If you want to check if your website has been affected by bot traffic, Finteza is the best place to start.

With Finteza, you can identify click fraud sessions, detect a bot traffic attack, and determine the sources and targets of those attacks.

5. Monitor your brand name

Monitoring your brand names is number 5 on this list, but not because that’s the least important. In fact, I think this is the most important point here as an effective brand name monitoring routine will help with all of the above. Your active users and customers will be notified immediately when:

  • Your website is not available
  • Your page looks hacked
  • Something is wrong with your website
  • Your pages are unusually slow, etc.

In addition, brand monitoring can help you fix the problems before they arise and manage an impending reputation crisis by:

  • Recognize the first frustrated customers in good time
  • Respond quickly to every customer
  • Move public conversations offline to prevent them from going viral

My favorite social media monitoring tool has long been Agorapulse as it is the most action-oriented one. Forever social media mention it gathers you can:

  • Compose and post a reply right away
  • Label and star to record and make it easy to find later (this comes in handy if you reuse positive mentions on social media as testimonials).
  • Assign other team members to be assigned to each mention and edit it on behalf of your brand
  • Remove or archive mentions that do not require any action (or attention).

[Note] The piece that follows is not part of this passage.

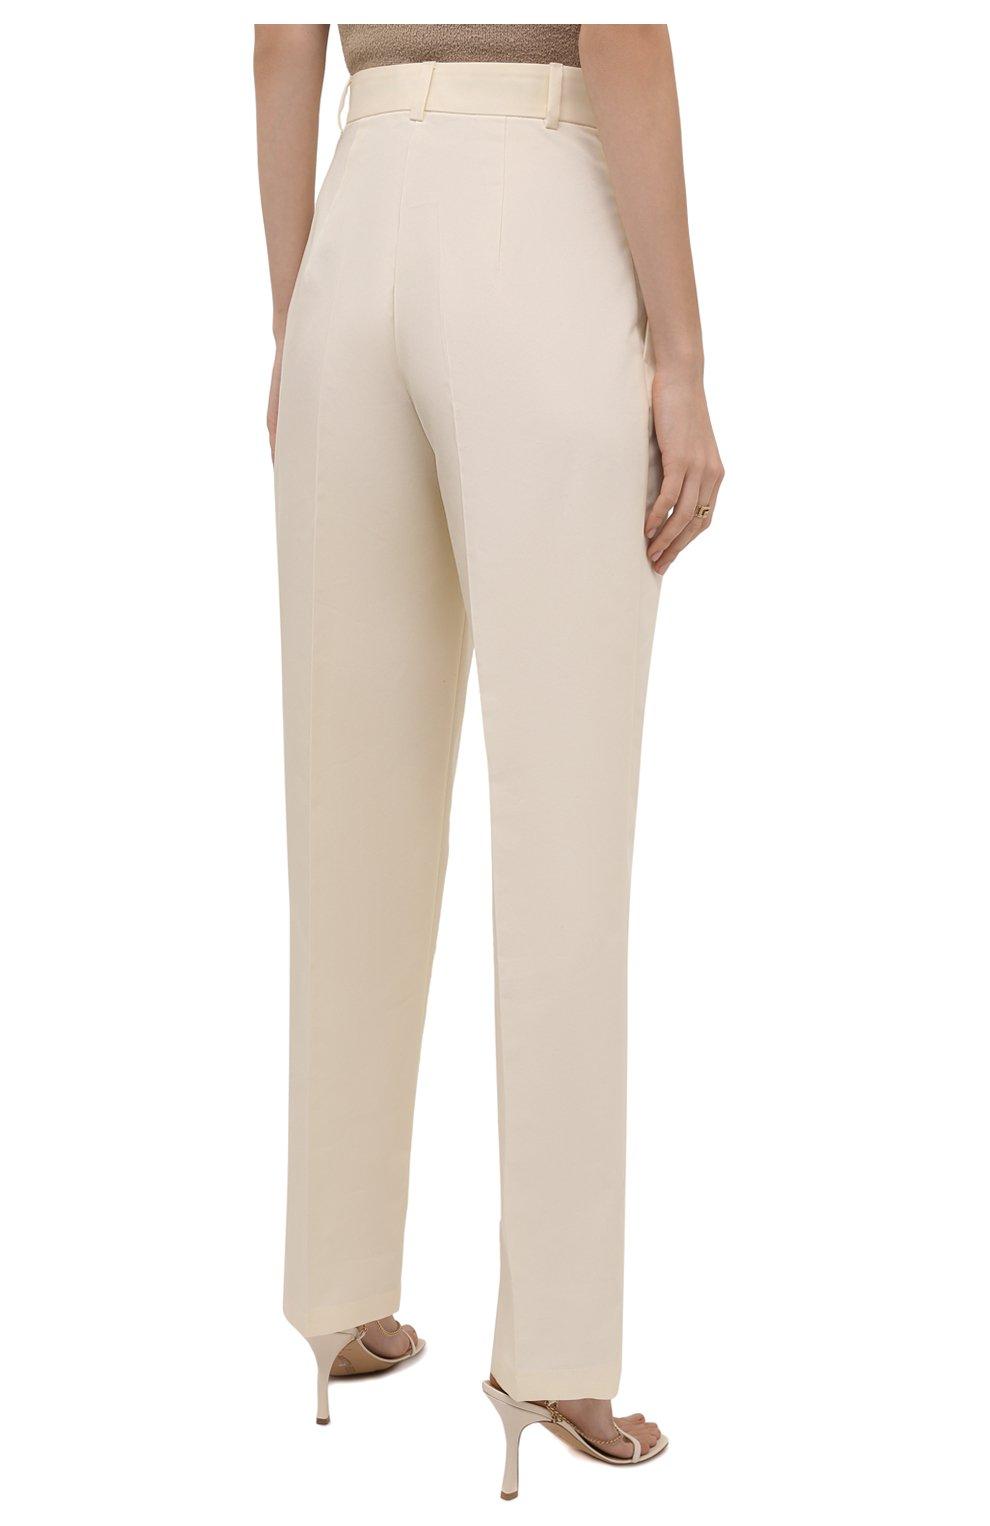 Женские хлопковые брюки PERVERT кремвого цвета, арт. PE21/PA02K/40-08 | Фото 4 (Длина (брюки, джинсы): Стандартные; Женское Кросс-КТ: Брюки-одежда; Материал внешний: Синтетический материал, Хлопок; Силуэт Ж (брюки и джинсы): Прямые; Стили: Кэжуэл)

I find Agorapulse’s social inbox to be the only way to keep things productive and organized.

Conclusion

There are many benefits to digital marketing, including the ability to expand your customer base beyond your local community and even go global. But there are also challenges associated with it.

One of the biggest challenges facing digital brands is exposing themselves to multiple online risks, including security breaches, reputational crises, and sudden loss of rankings (and traffic).

Hopefully the above tools will make your digital marketing a lot safer and more predictable. Good luck!